:: DATA SECTION

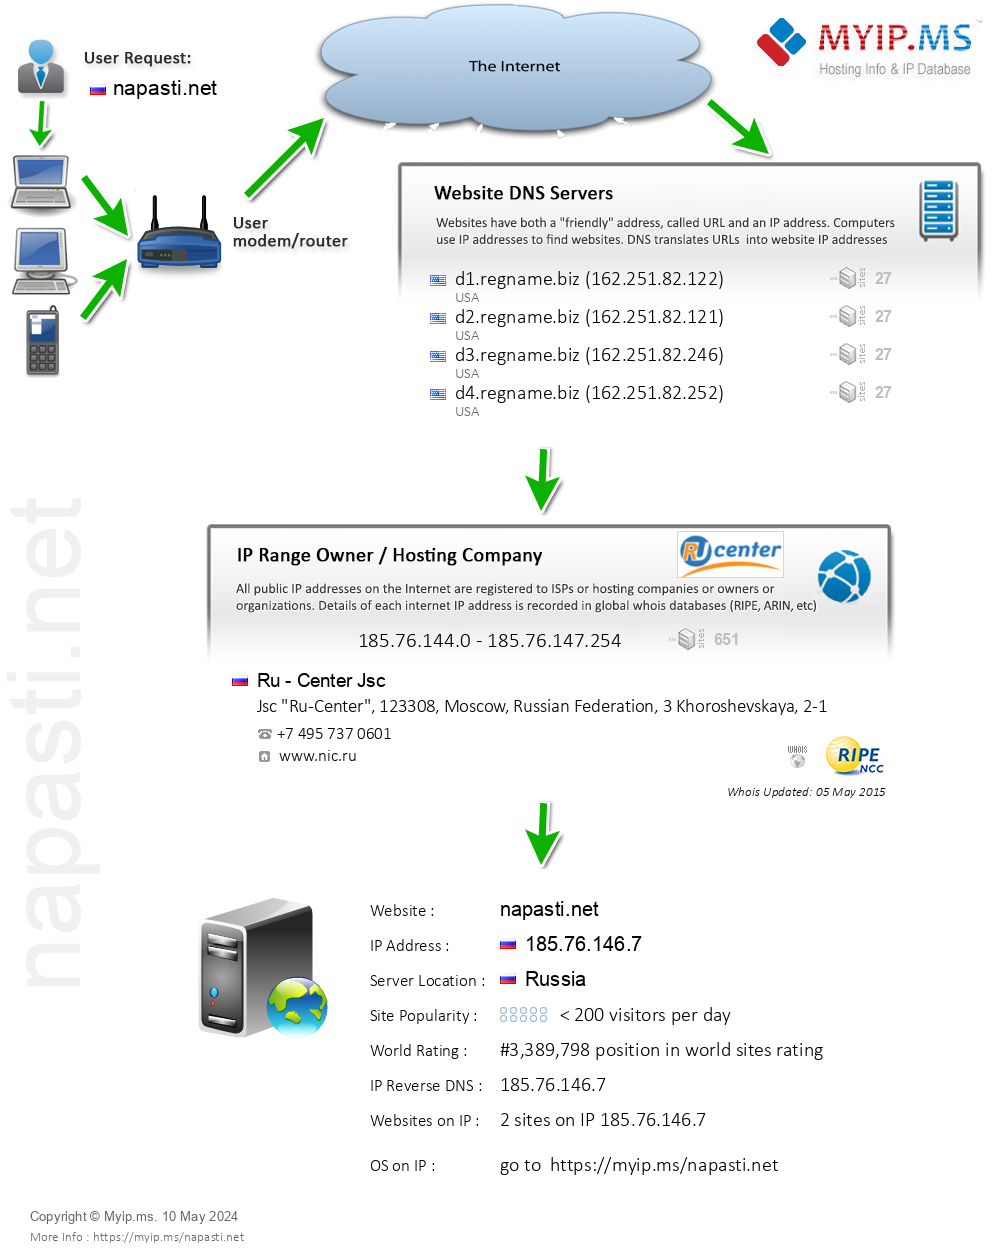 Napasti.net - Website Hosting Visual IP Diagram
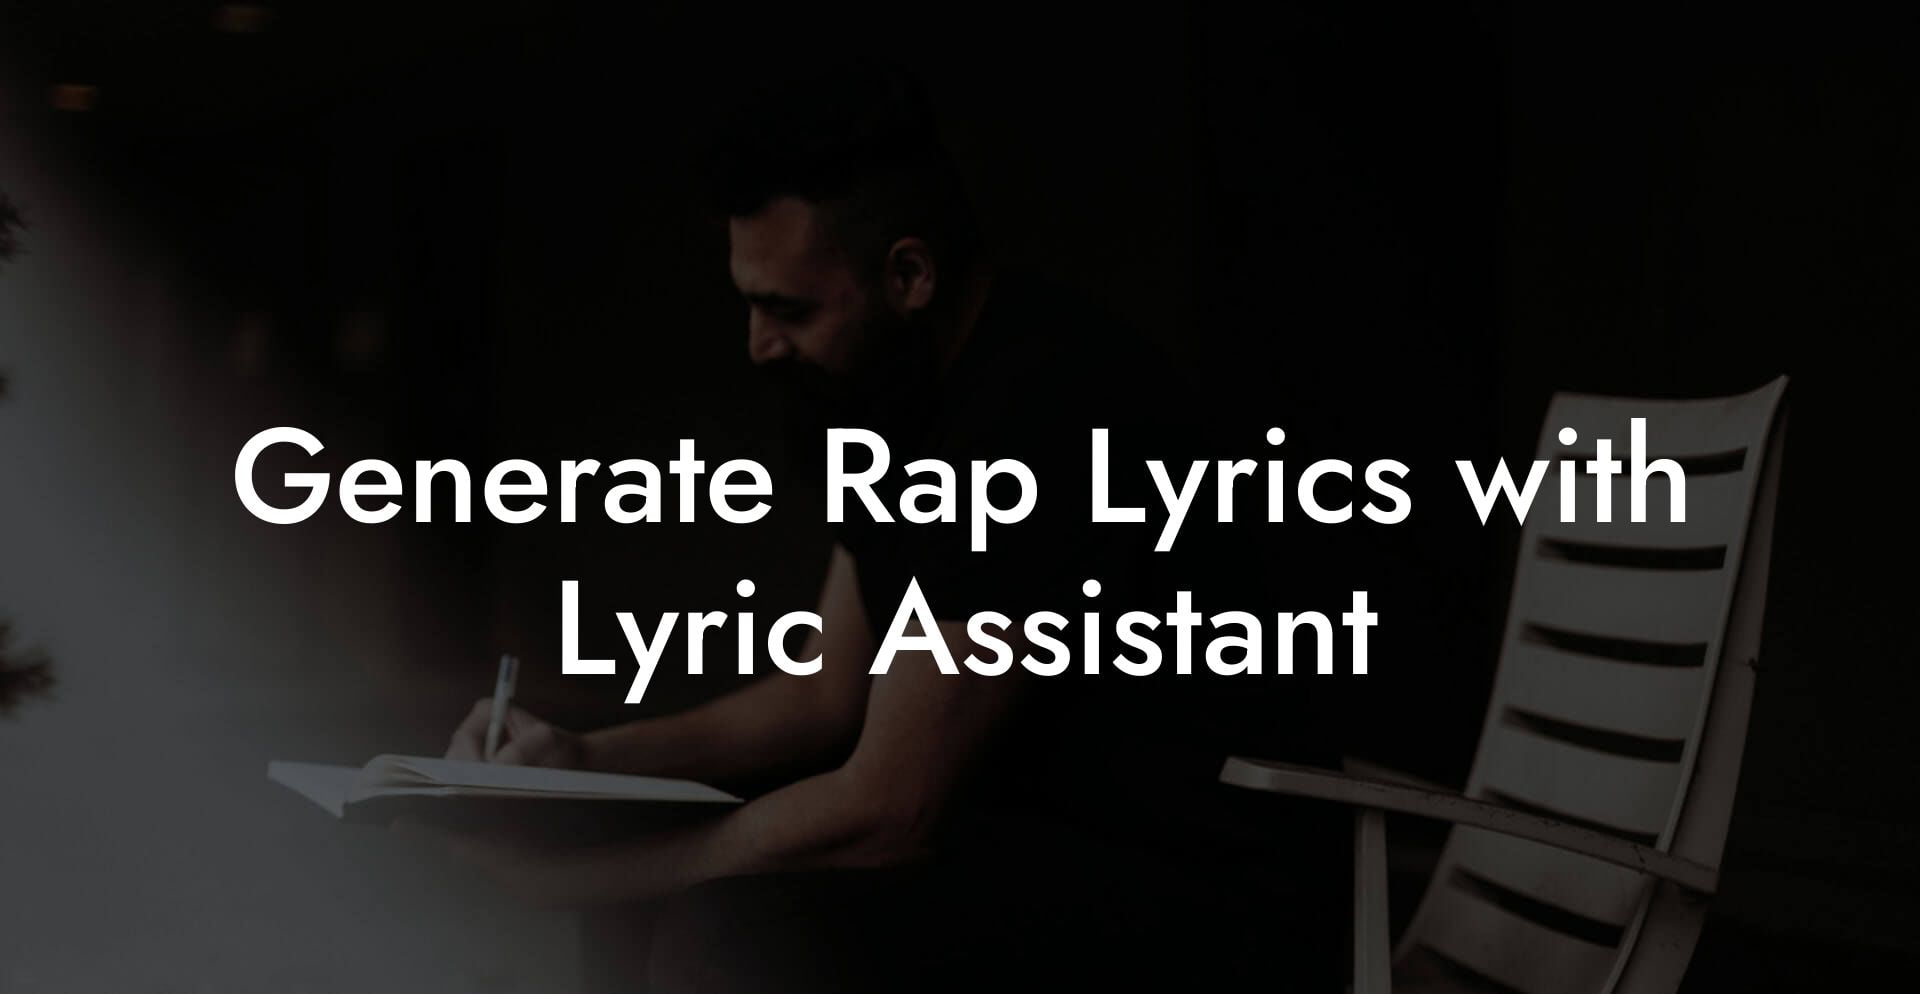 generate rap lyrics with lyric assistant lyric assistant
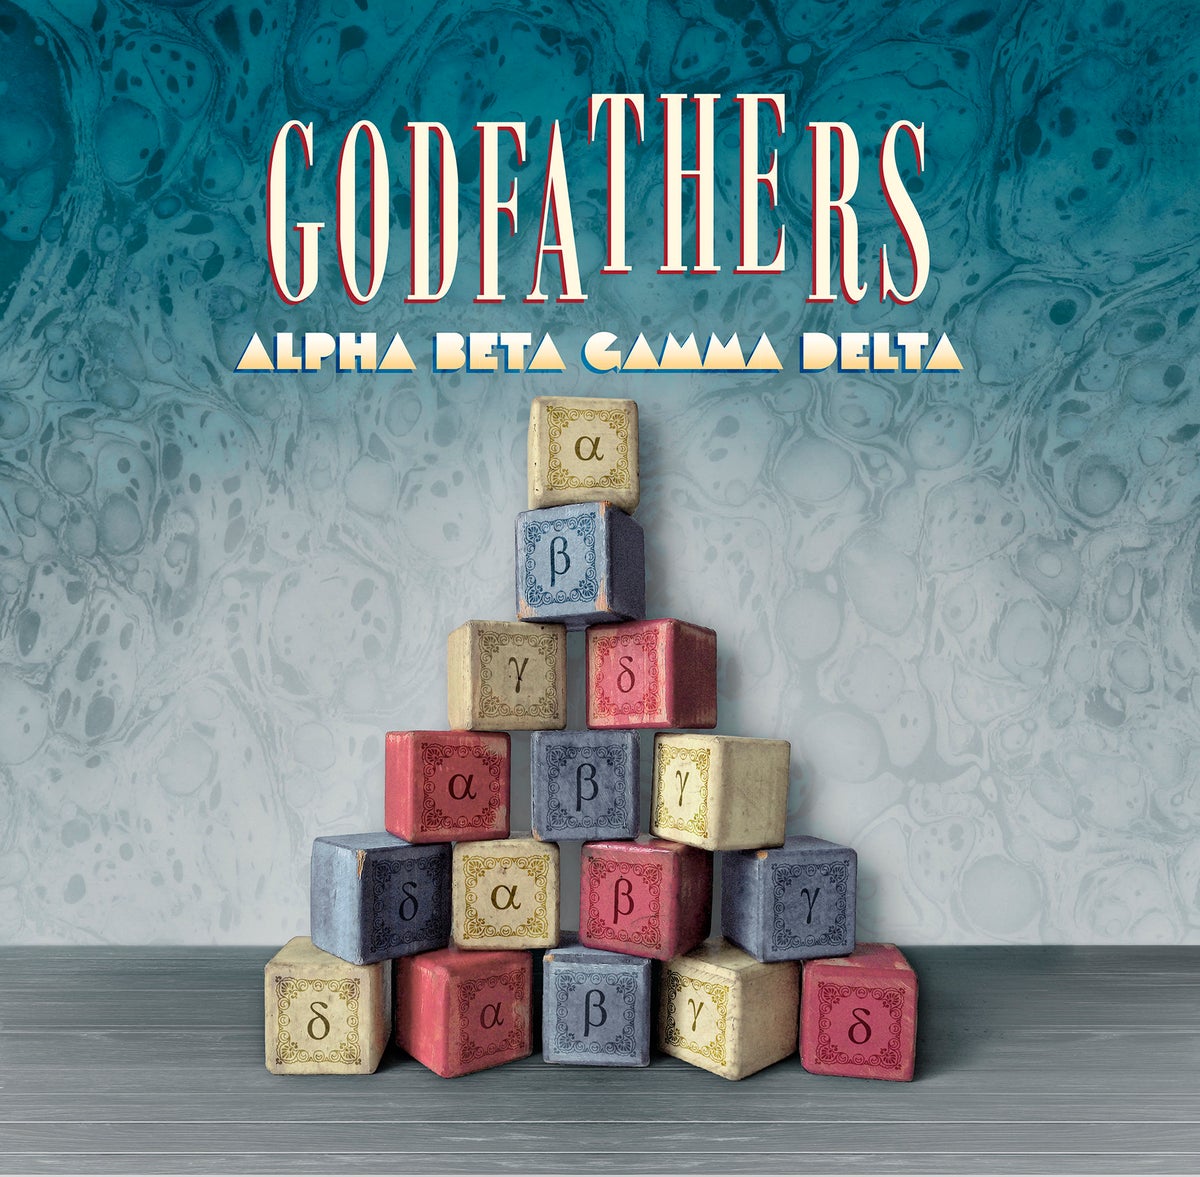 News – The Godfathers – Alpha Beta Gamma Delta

::::

§ **ABOUT THIS TASK**: Copy the full listing above exactly, apart from the pictures.

§ **RESPONSE BOX**:
 Napasti.net - Website Hosting Visual IP Diagram
 generate rap lyrics with lyric assistant lyric assistant
 News – The Godfathers – Alpha Beta Gamma Delta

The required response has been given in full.